When the World Tilts: Living in Uncertain Times
As the conflict in the Middle East swells to encompass more of the globe, largely on the basis of historic alliances, it feels somewhat similar to the opening act of World War I. This is not to suggest that we all must rush into hysteria (not that it would be productive if we did), but rather that parallels can make for interesting thought experiments.
For example, imagine if you were living through the opening of World War I and further, that you knew the devastation that would be wrought over the next few years… what would you do differently?
As an ordinary member of society with no role of power, you may find that the answer is eerily close to nothing. What’s more unsettling still is the way life’s ordinary woes would continue unabated, even as men were maimed in the trenches.
You would still need to deal with mundane sicknesses, predictable deaths, ordinary accidents, family feuds, and even workplace rivalries. It would seem so preposterous in some sense. How could your work colleague be mired in envy while her son is fighting in one of the deadliest wars the world has known? And yet, people do not cease to be human in wartime.
So while we think of the years of both World Wars as being defined by the warfare, they were also times in which ordinary people had to make routine decisions about how to live.
Knowing the devastation and the widespread cultural change that took place thereafter, would you counsel a young man in that era to go to college and thus plan a life? How about have a child? Because alongside the negative, ordinary toil that people had to endure, they also had to find ways to choose the good. Baptisms, weddings, graduations, births, and ordinary but not trivial moments of laughter took place. People chose to live, even amongst uncertainty and loss. Life could not and would not wait for them. They would continue to age whether they chose to exercise their sense of agency or not. The years would pass.
We are more in-tune with the news cycle than such people could dream of, even as they sat glued to a radio to hear updates on casualties and victories. We hear various perspectives from commentators, see footage of wartime devastation almost as it happens, and get bombarded by headlines throughout every hour, if we choose not to look away. Whether it’s a war or just the typical array of news snippets from around the world, some people find themselves so addicted to what’s happening that they forget to live themselves. Glued to a screen, they live only through the misery of others. It’s a terrible secession from joy.
Imagine if those who lived during the time of the World Wars had just stopped. If they had put a halt on every gathering, every ambition, not because of real obstacles but merely because they were too distrusting of tomorrow and too addicted to the stream of updates.
A secondary travesty would exist in that they lost things through surrender and self-erasure even while the men of the battlefield fought for victory. The events that punctuate life would have been skipped over, such that people would be living an elongated death.
Regardless of whether this becomes a larger war, we would do well not to neglect the battles that are before us as individuals. Those decisions made in the home and the family demand their own courage, and they build generations. They forge the civilization that men are willing to defend.

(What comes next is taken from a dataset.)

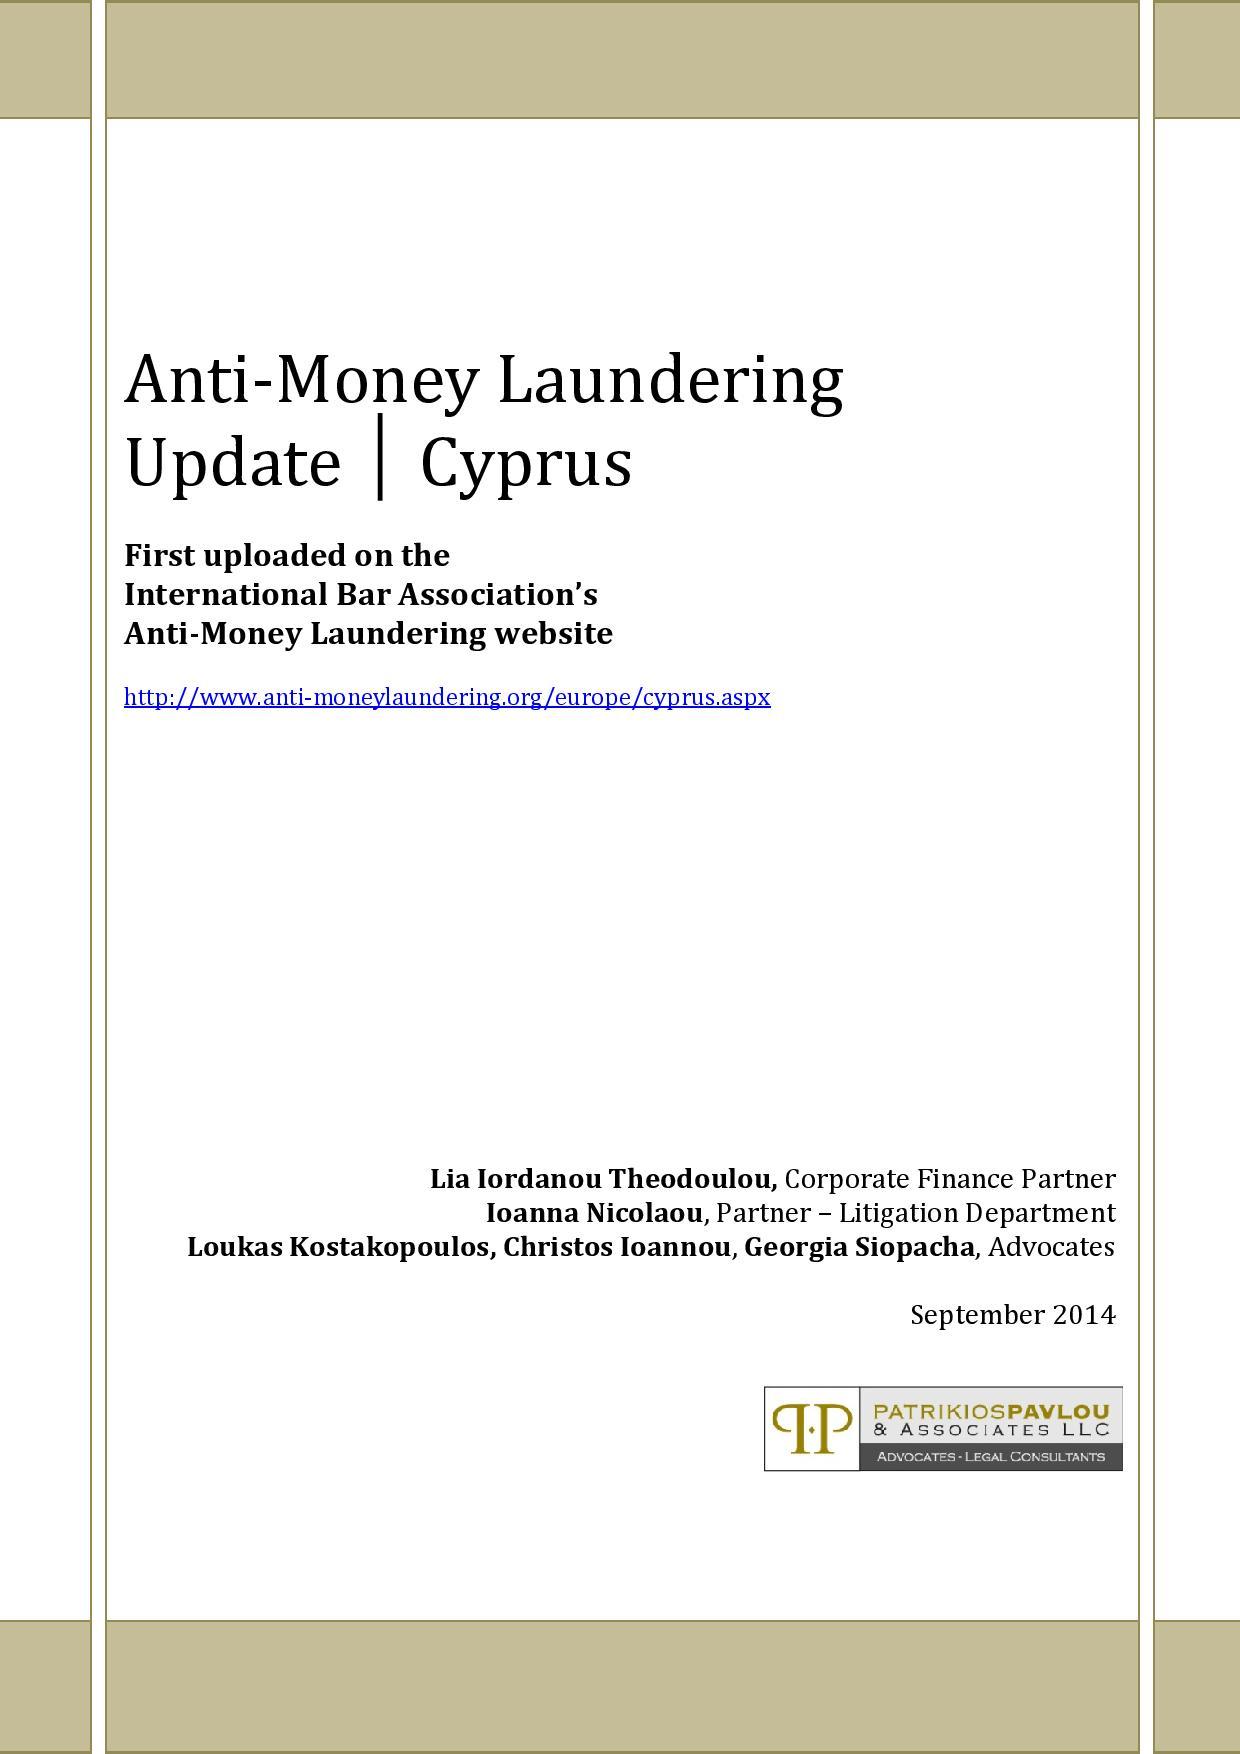 Anti-Money Laundering Update - Cyprus, September 2014

It is interesting.. our human nature seeks daily survival through the ordinary means of living; and a ‘quiet courage’ is a necessity every day, regardless of the circumstances we find ourselves in, above all, in the one who lives for Christ.
History has well documented the resiliency of our humanity’s deepest treasure, which is, the will to ‘go on living’ regardless of circumstances (most especially in war times). This inherent desire to live, is the soul’s claim to eternal life -whether one is a believer or not-. The courage which soars in times of difficulty is the higher call, to see beyond self, where charity becomes the primary activity. Courage to live, is a gift from God, we need only gaze at His goodness, to begin to see that we too, can be good, and to live courageously on and into eternal life.